Note that we don't actually need to write so many bytes. Since the target pointer already has the value 0x40101b, we just need to overwrite the first 2 bytes of the pointer value. (This sort of tweaking is often important if the input string can't have embedded binary nul chars.)

1 2 3 4 5 6 7 8
4a 0f -1

(Try this in NetRun now!)

In a real program, we usually don't get a nice clear printout with the address of vulnerable functions, but an attacker can still extract this data with a debugger (if an identical system is available), or by just exhaustively trying addresses until they find something useful.

This example has a clear and obvious in-memory relationship between the vulnerable buffer overrun (opcodes) and a function pointer (run). It's often not that simple. For example, if there was a bug allowing access beyond the end of the actuators or sensors array, we'd need to skip over or overwrite the opcodes array on our way to trashing the run function pointer. We might even have to carefully overwrite opcodes with *working* opcodes, so the code keeps running long enough for it to call the run function.

In general, for a memory manipulation attack to be feasible, you just need two things:

A manipulatable location in memory that affects the execution of the program. For example, a function pointer, a class with virtual functions vtable pointer, a function return address on the stack (stack smashing), an authentication code, etc.
Some attacker-controlled way to manipulate that location in memory. This can be simple and direct, as with many buffer overrun bugs; or highly contingent and probabilistic, like use-after-free or uninitialized data bugs.

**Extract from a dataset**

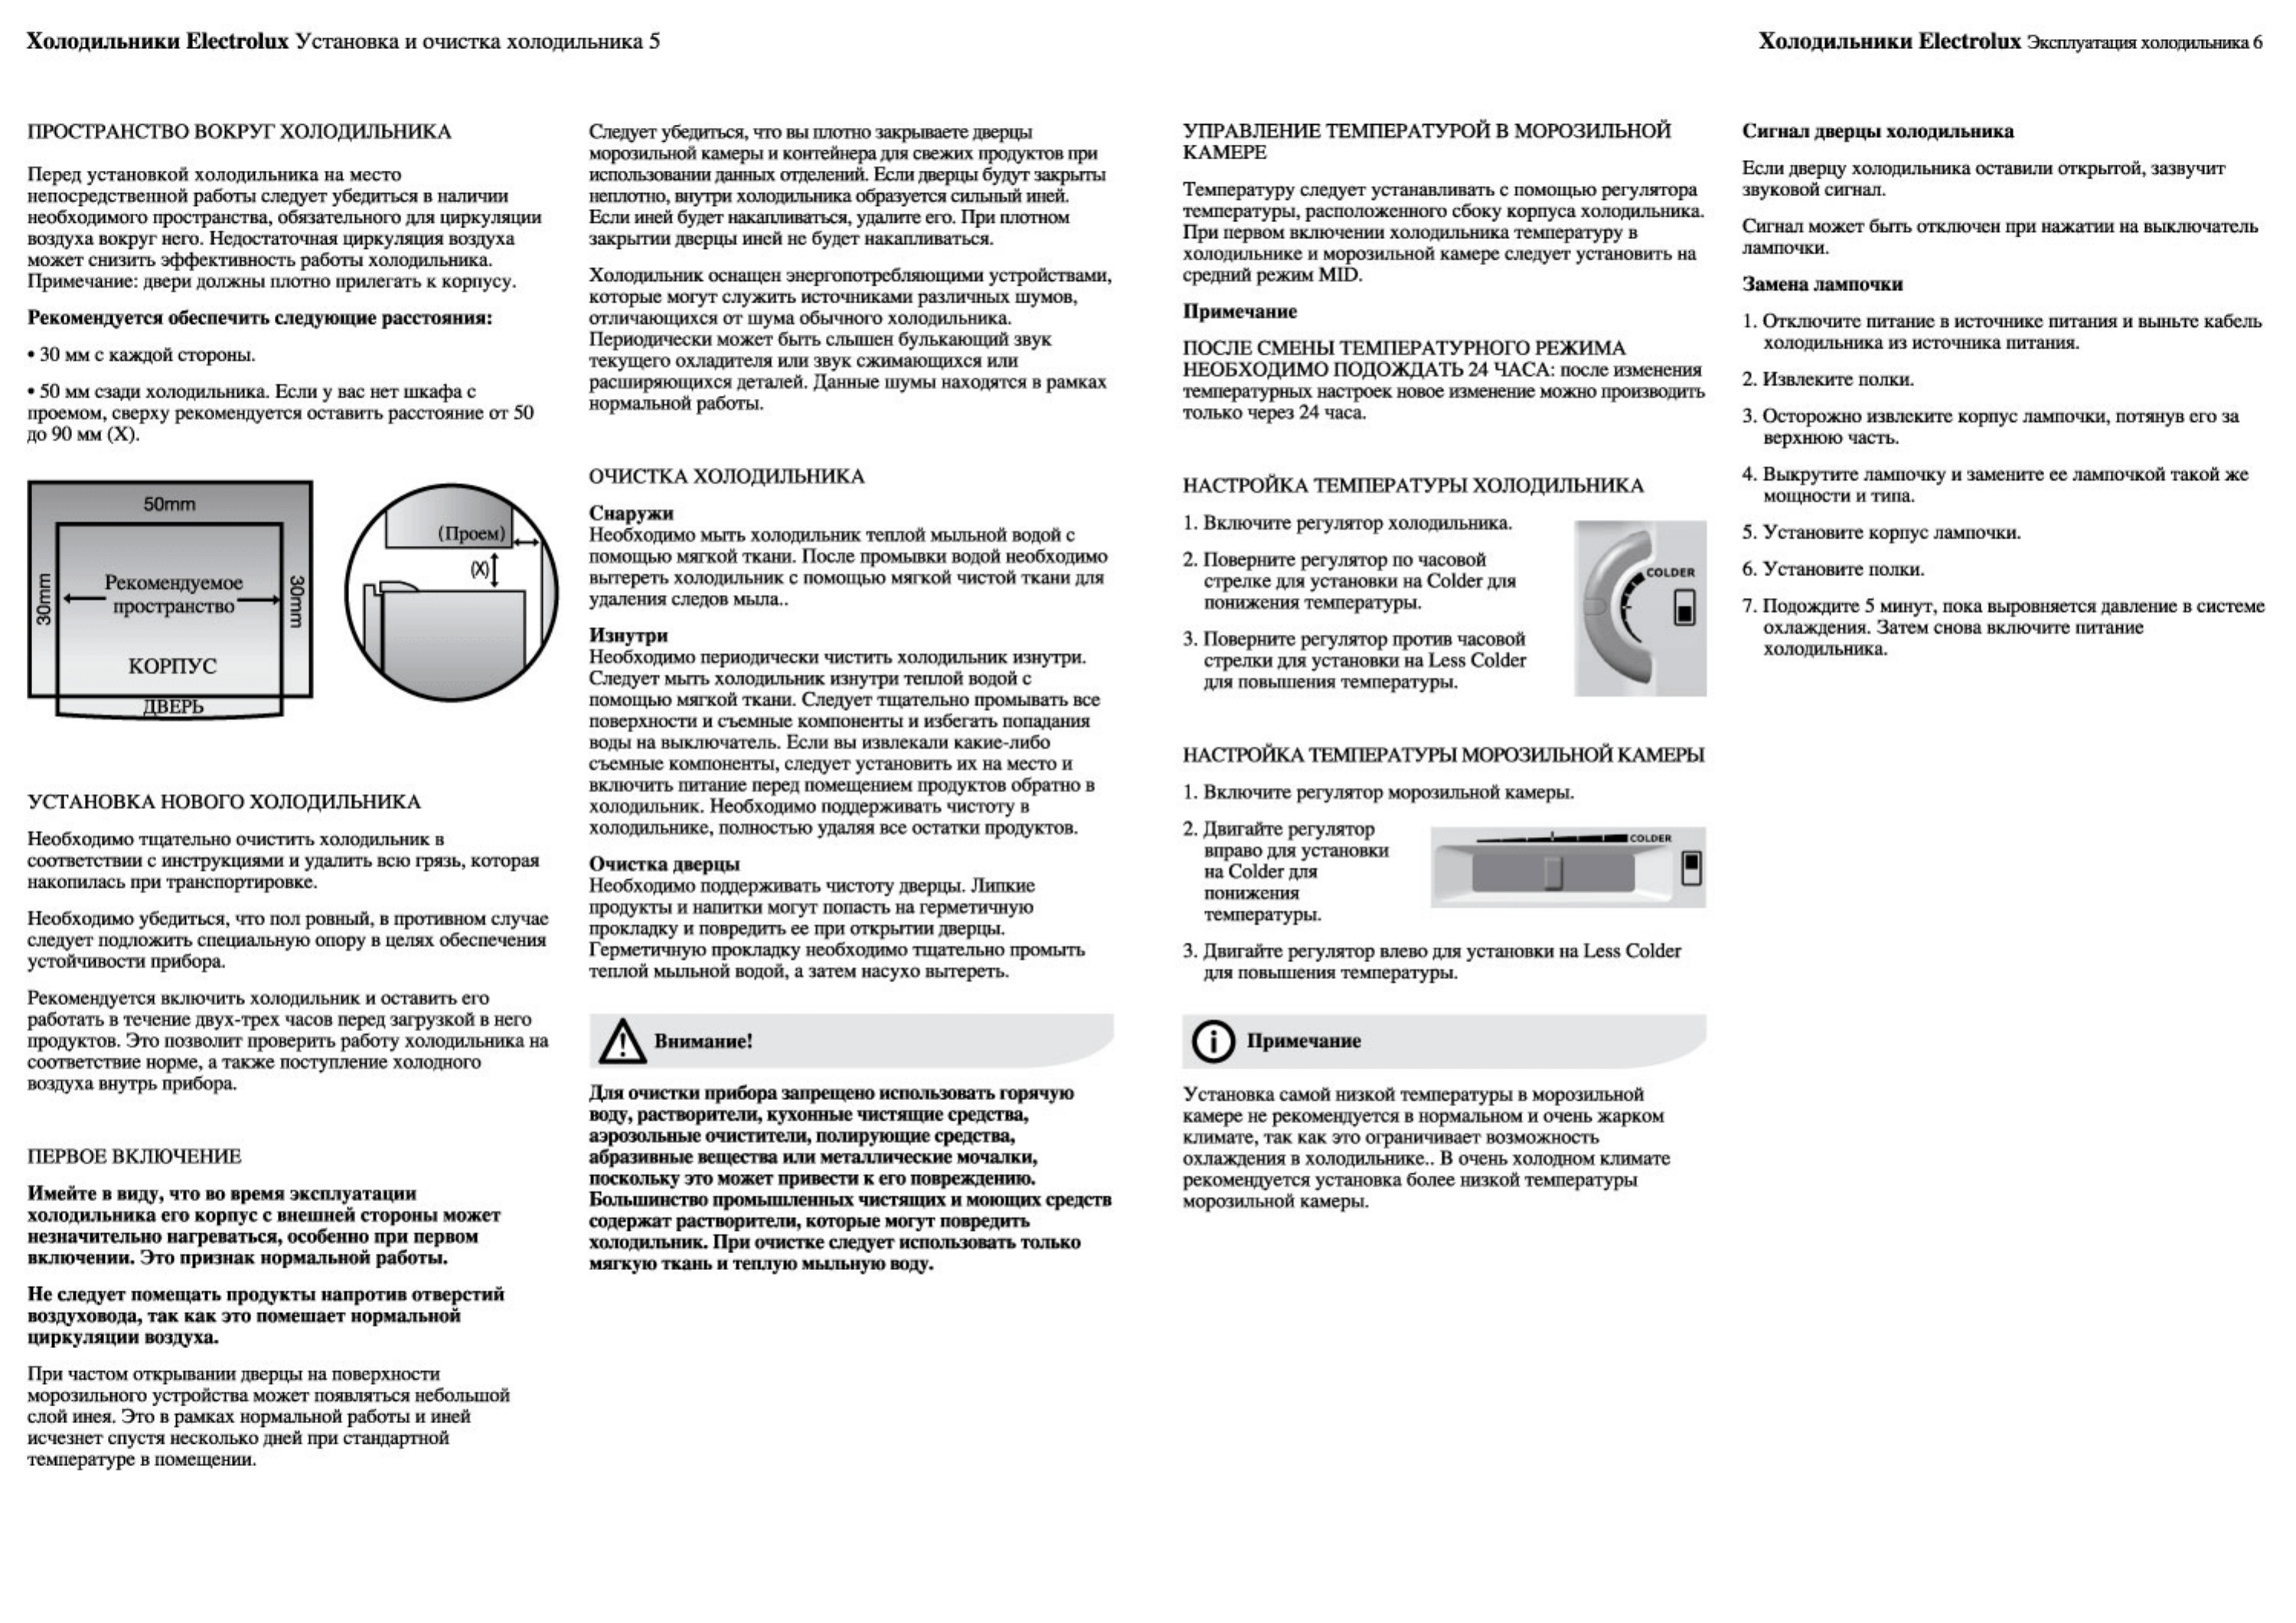 Ремонт термостата холодильника: схема подключения, как проверить, регулировка

C++ vtable / vptr Overwrite

Many big programs like web browsers and word processors are written in C++. Unlike plain C, it's rare to have structs with pointers to functions, instead C++ uses classes with virtual methods. But the same sort of direct memory manipulation attacks can target the virtual function table (vtable). Here we're overwriting the vtable itself, a more common attack targets the vtable pointer stored in each class.

class parent { public:
	virtual void print(void) { puts("parent print method: Yes, walter."); }
	virtual void exit(void) { puts("parent exit method: I'm done."); }
};

class child : public parent { public:
	virtual void print(void) { puts("child print method: Sup?"); }
	virtual void exit(void) { puts("child exit method: out"); }
};

// There's one vtable (virtual function table)
//   for each class--all parents point to the same parent vtable;
//   all children point to the same child vtable.
struct vtable {
	void *fun[10];
};
// Any class that has virtual methods has a vtable pointer, 
//   often a hidden first field in the class.
struct class_with_vtable {
	vtable *vt;
};

#include <sys/mman.h>

long foo(void)
{
	parent *p=new child;
	
	// Manually extract the child vtable pointer:
	vtable *v=((class_with_vtable *)p)->vt;
	
	printf("child instance contents: ");
	dump_hex(p,sizeof(child)*8);
	printf("vtable contents: ");
	dump_hex(v,sizeof(void *)*8*4);
	
	// Get read/write access to everything (otherwise writing to vtable segfaults)
	mprotect((void *)0x400000,1000*1000,PROT_READ|PROT_WRITE|PROT_EXEC);
	printf("Modifying the vtable\n");
	// Modify the child's vtable to exit when it calls print:
	v->fun[0]=(void *)0x4010d8; 
	printf("Modified the vtable, running virtual method:\n");
	
	p->print();
	return sizeof(child);
}

(Try this in NetRun now!)

Real-world Examples

libpng 2015 bug with technical description.

Android libstagefright 2015 bug.

Over the years, there have been a variety of security-relevant bugs in libpng and libjpeg.

Because you often receive png or jpeg images over the network (for example, in a browser via a banner ad, in an email program via an attachment, on a wordpress server from a user icon upload) most of these are network-exploitable. (Related: ImageTragick)